At the end he describes mounting the socket. The tooling image which has all the dependencies needed to build will also have the docker cli installed, which is what I'm assuming you are doing.

I might just use this. Cheers!

kinghajj · on Aug 24, 2020

Docker-in-Docker (DinD) doesn't piggy back on the host's Docker daemon, but instead runs a stripped-down Docker daemon inside of the container. The major downside is that I/O is quite slow, since you're going through two virtualization layers (the DinD one, plus the host Docker daemon).

cpuguy83 · on Aug 24, 2020

This is not true.

There is, effectively, no "virtualization" layer here.

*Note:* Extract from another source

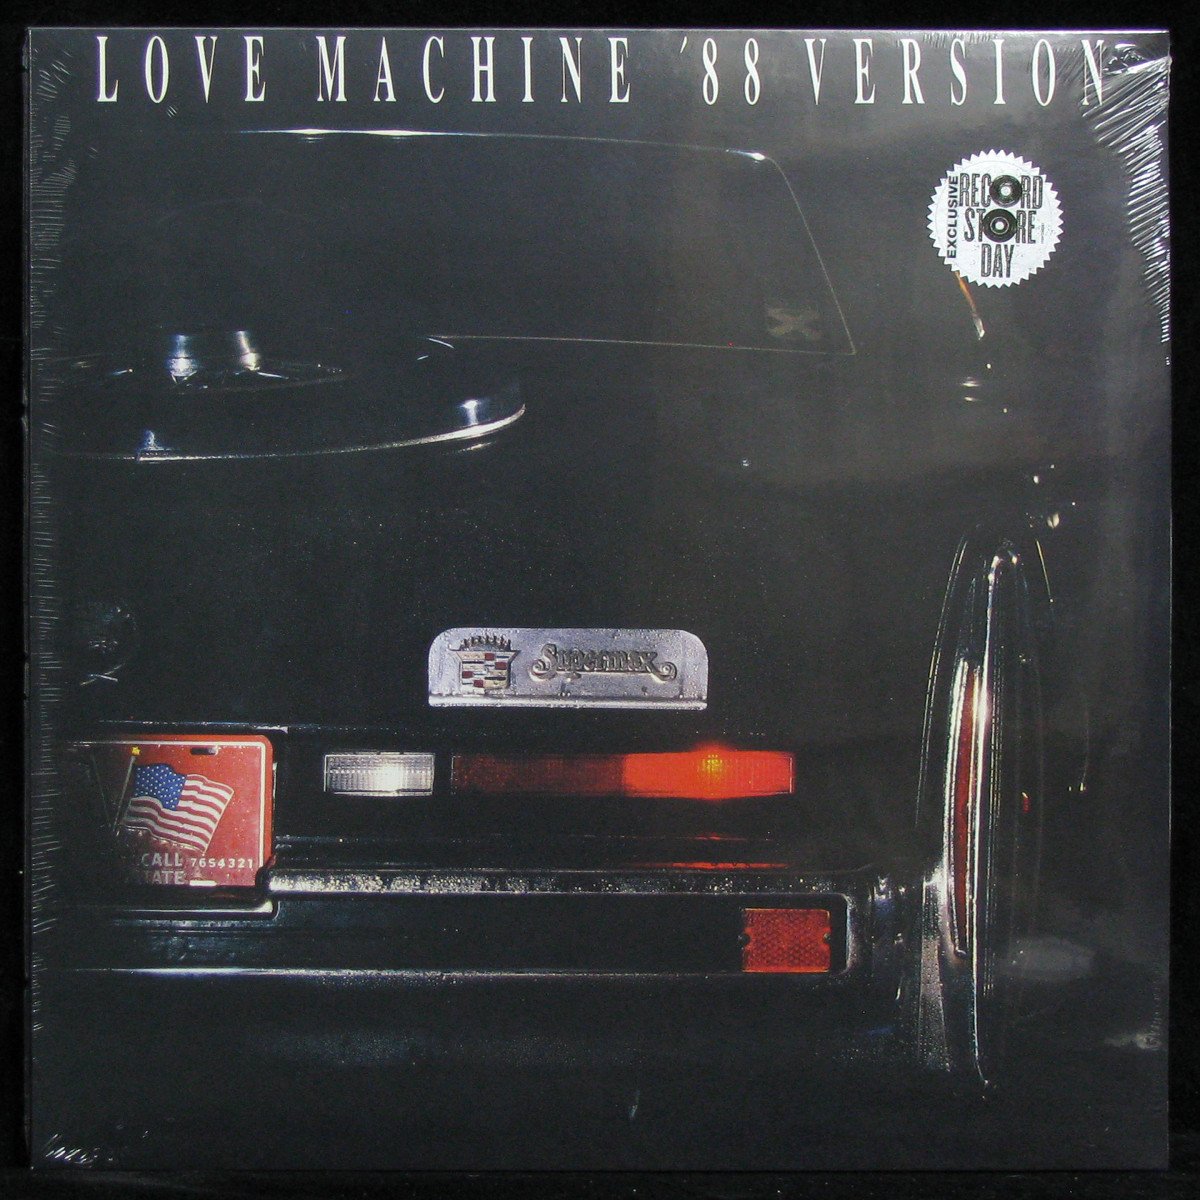 Love Machine ('88 Version)

There are some things that if needed can cause overhead... such as the bridge networking (really shouldn't be a bottleneck for majority of people), and the CoW filesystem... which docker won't be (or shouldn't be) running on top of since, for example, overlayfs on top of overlayfs is not supported.

There is also nothing stripped down about the daemon inside of the container.

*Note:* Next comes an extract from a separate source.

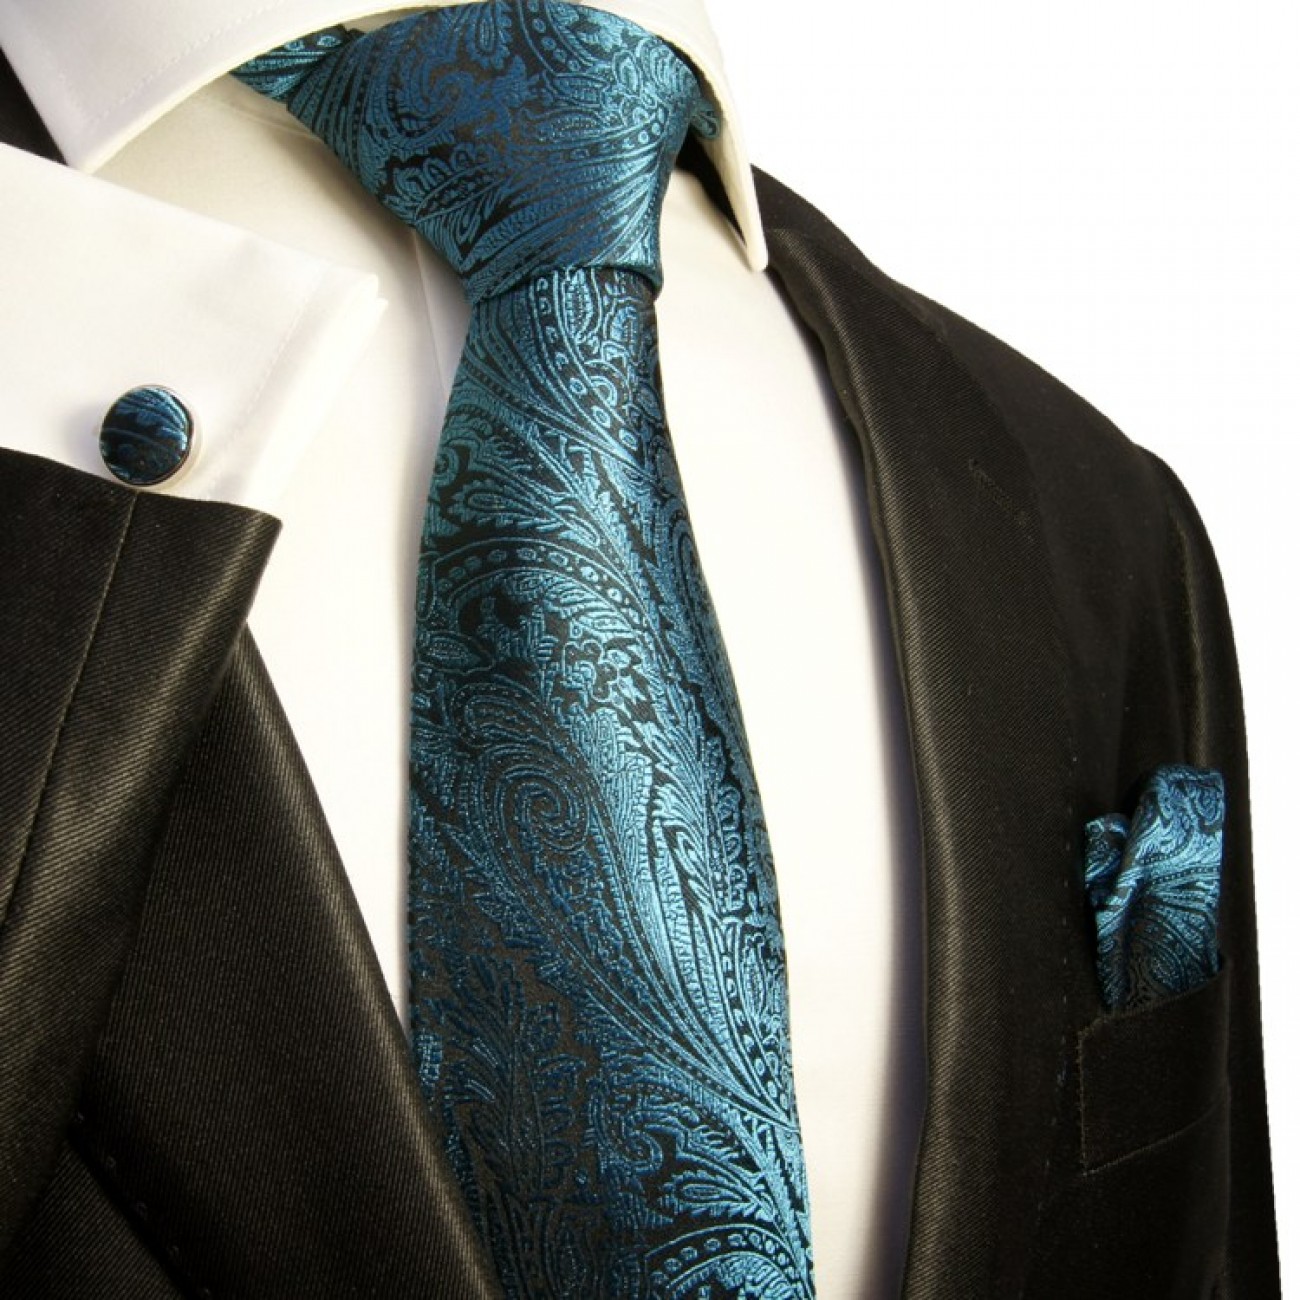 Aqua Krawatten Set 3tlg

kinghajj · on Aug 24, 2020

Sure, I was speaking off the cuff based on my experience from a few years ago. Maybe I messed up and somehow had the DinD daemon not use a volume mount, and that's what caused it to build images slowly?

cpuguy83 · on Aug 24, 2020

Very well could be since it would have to fallback to the naive graphdriver that just copies stuff around.

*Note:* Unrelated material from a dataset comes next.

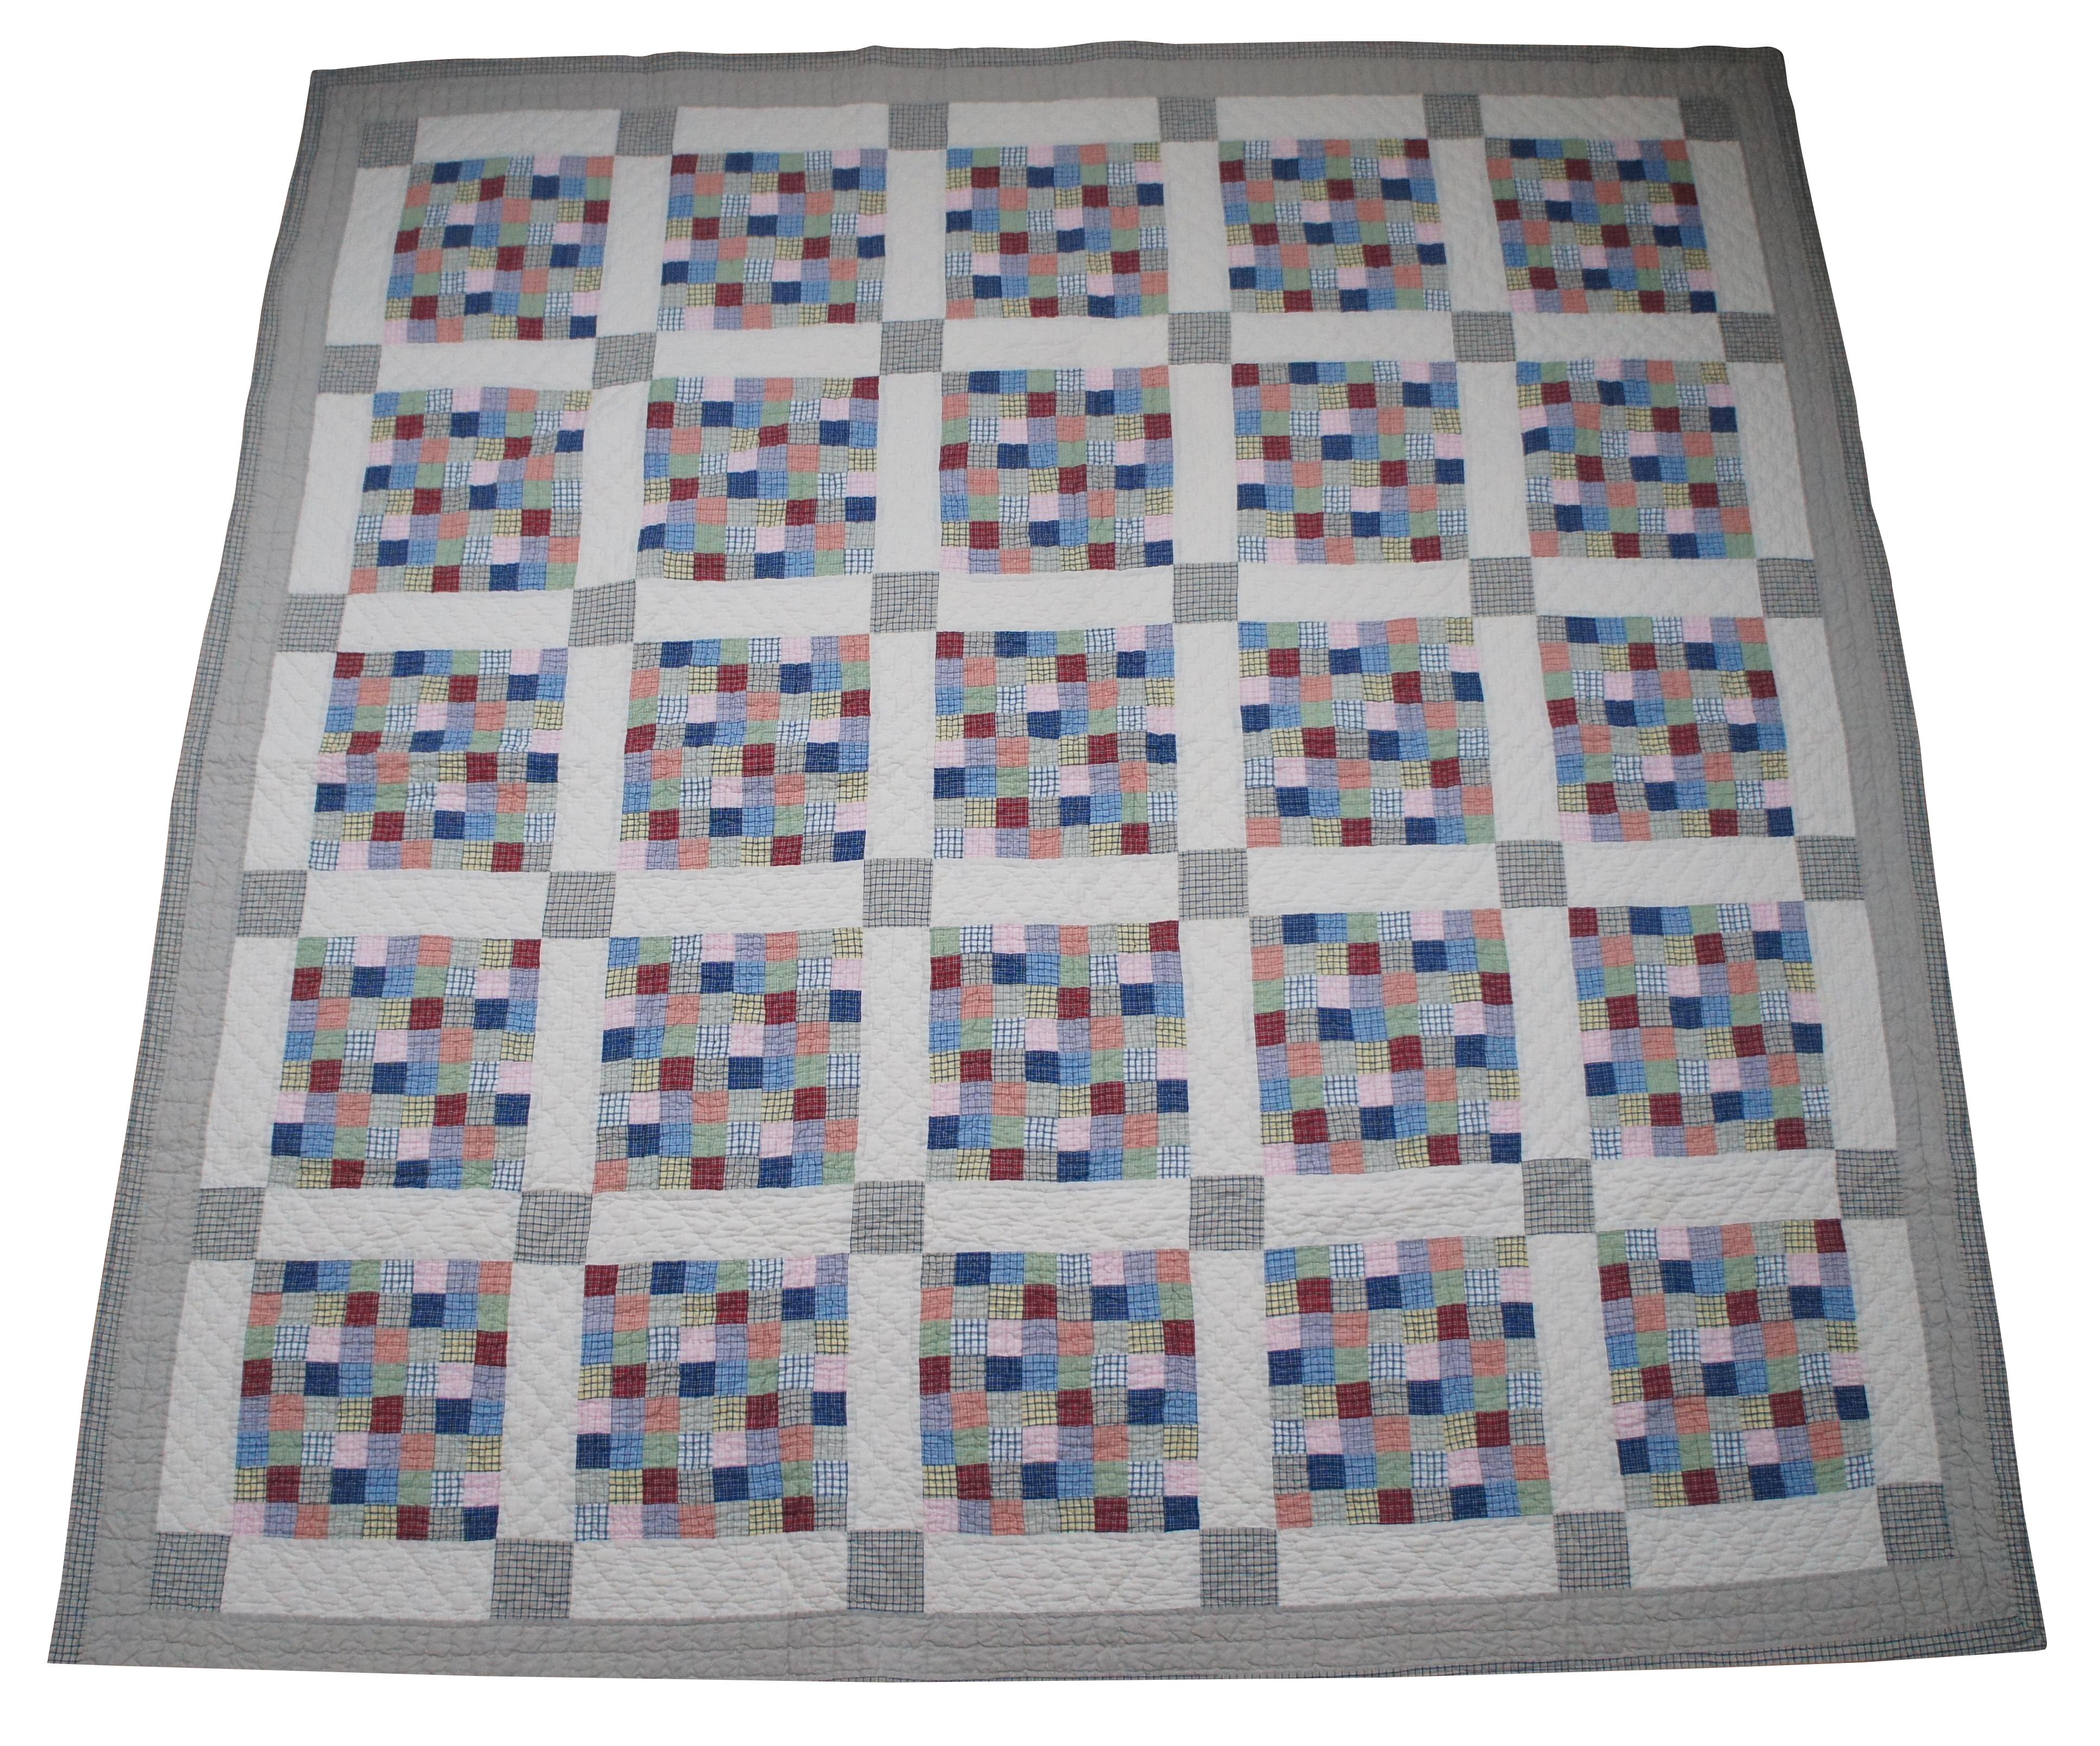 Antike handgestickte Tagesdecke mit geometrischen Blöcken aus buntem Gingham, unterteilt durch weiße und graue Blöcke, mit einer grauen und beigen Bordüre. Maße: 86

eblanshey · on Aug 24, 2020

Will mounting the socket, as the person I replied to suggested, make it use the host's docker daemon?

pbalau · on Aug 24, 2020

Yes, that's the point.

boudin · on Aug 24, 2020

Usually docker outside of docker is used, no? If the image is cached on the host, it would be available to any container having access to the docker daemon socket as well since it's the same daemon.

stingraycharles · on Aug 25, 2020

No that’s only the case if you mount the Docker socket into the container, which is not what Docker-in-Docker is.

hinkley · on Aug 24, 2020

> This is significant - if your organization only uses a few dozen base images from DockerHub, those images will only be downloaded by each build node _once_, then never again.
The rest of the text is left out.